To become presence, means accepting the risk of absence.”
- Antoine de Saint-Exupéry
 
 
“Tu sei troppo buona!”
Quante volte mi sono sentita ripetere questa frase nel corso degli anni? Da mia sorella, dalle mie amiche…
Si, perché mi sono sempre lasciata convincere, ad aiutare chi me lo chiede. Da mia sorella, quando si mette nei guai e devo tirarla fuori, dalle mie amiche che mi usavano come alibi per le loro uscite con i fidanzatini, dai miei compagni di classe che chiedevano di passare i compiti per casa e gli esercizi delle verifiche…
E poi per i problemi a casa, le difficoltà del diventare grandi e assumersi responsabilità… tutti mi hanno sempre chiesto, e io ho sempre dato.
“Sei quella più matura, è giusto così,” dicevano.
Certo, ma se questo assunto forniva una garanzia per mia madre, genitori altrui, insegnanti e amici, l’altra faccia della medaglia non è mai stata così dorata, per me.
Perché io, le responsabilità ho iniziato ad assumermele fin troppo presto. A dieci anni, una bambina dovrebbe ancora decidere a cosa giocare dopo aver finito di fare i compiti, non ritrovarsi a dover superare la morte di un padre suicida e innocente. A dover fare i conti con la sua assenza, o con quella di mia madre, fisicamente lì ma con la mente altrove.
Dov’era rimasta la mia, credo. In quella camera mortuaria.
Né avrei dovuto occuparmi di mia sorella, che si sentiva oppressa e abbandonata e non resisteva in casa. Toccava sempre a me recuperarla e curare le sue ferite, anche quelle che non sapevo guarire.
Alle mie, però, ho sempre dovuto provvedere da sola.
Sopportare la vista del sangue, stringere i denti al bruciore dell’alcol e tirare le bende il più possibile per lenire il dolore.

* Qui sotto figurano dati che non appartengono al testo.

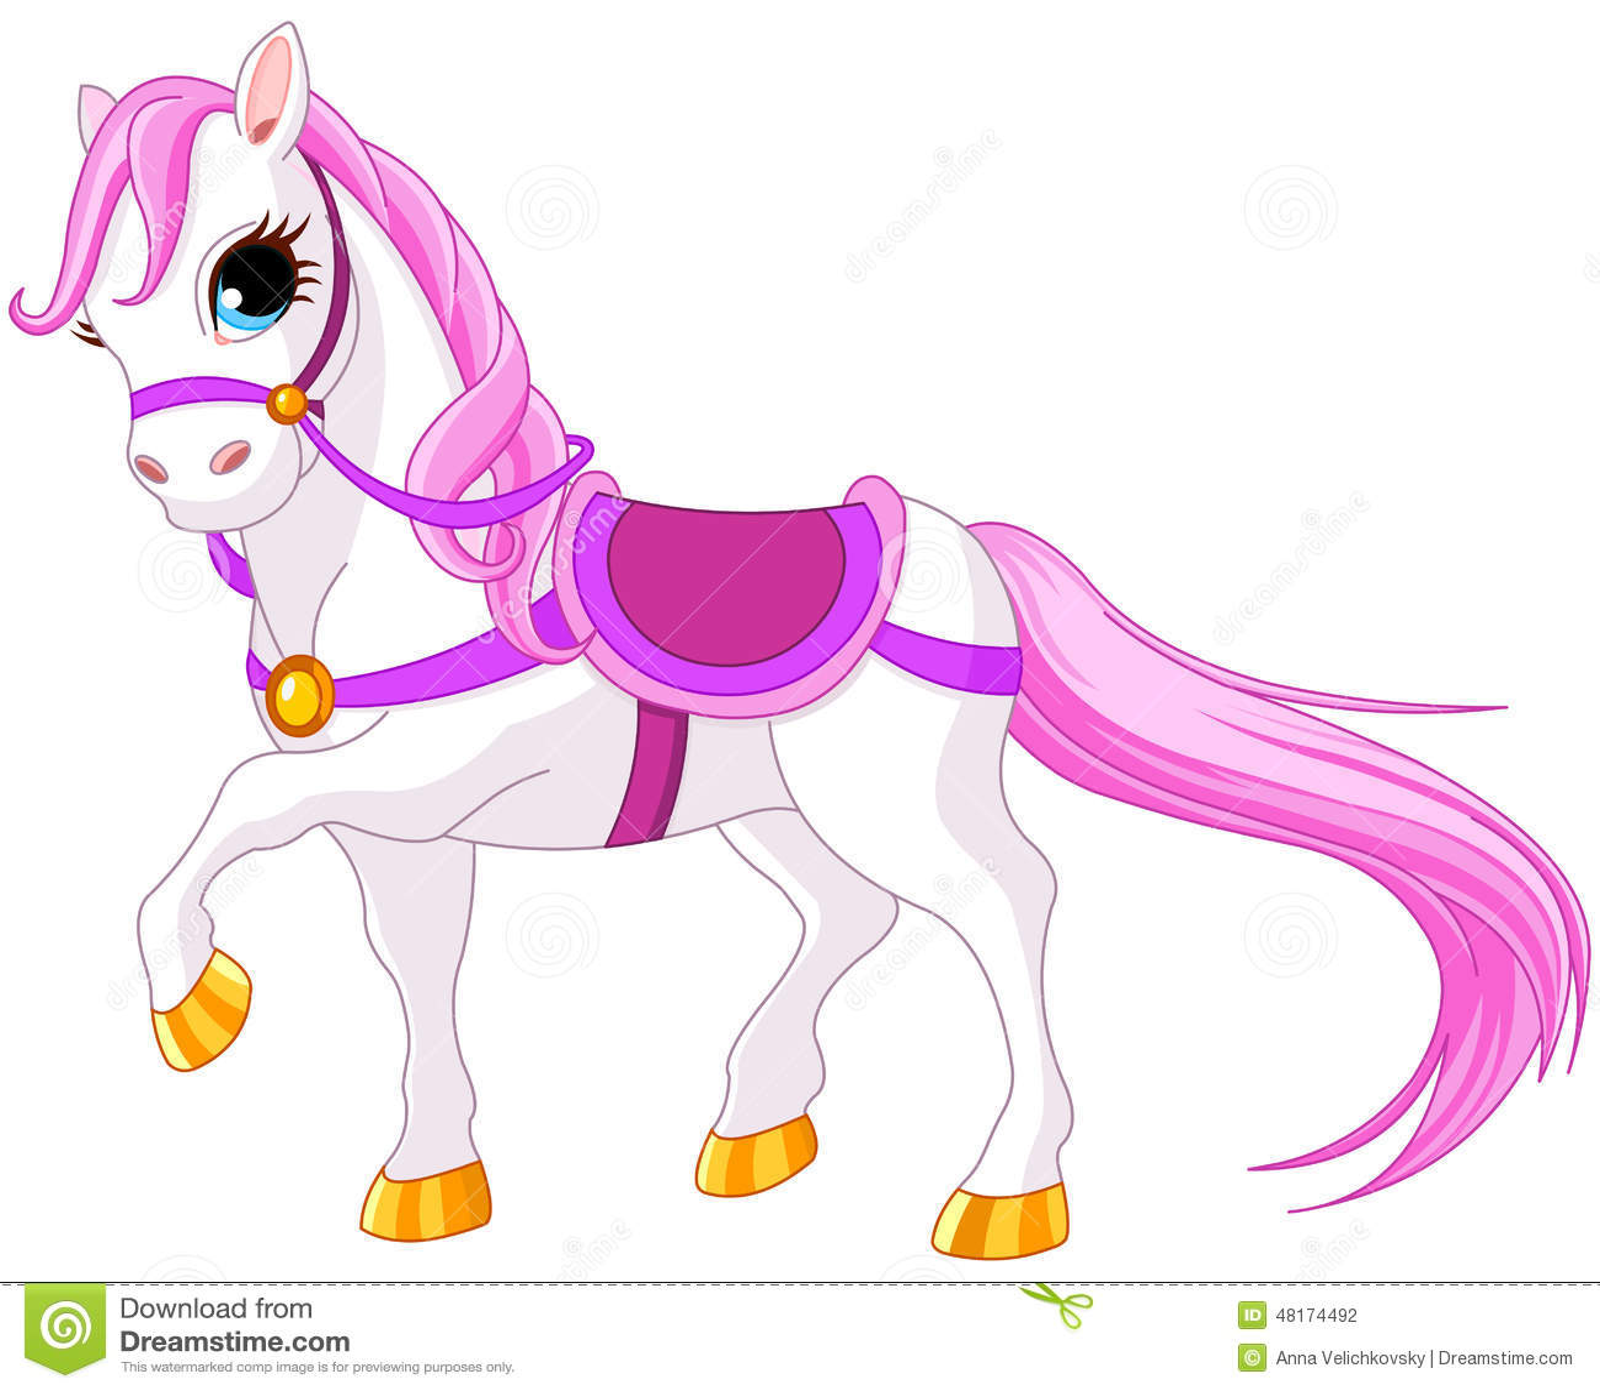 princess horse

Accettare una costellazione di cicatrici che possono sbiadire ma mai andare via del tutto. E ricominciare. Rialzarsi ancora, anche quando sembra impossibile. E mai nessuno che si faccia veramente due domande. O le faccia a me.
“Ma tu sei forte, non hai bisogno d’aiuto.”
Come no. Forte per obbligo, per mancanza di alternative.
Perché ho sempre avuto solo le mie braccia per puntellarmi e rimettermi in piedi. Ho sperato tante volte in una mano tesa che non si lasciasse ingannare e mi tirasse su, ma quando questo ha continuato a non succedere, ho smesso. E ho fatto da me.
Conseguenza?
“Sei troppo rigida, troppo chiusa, troppo indipendente.”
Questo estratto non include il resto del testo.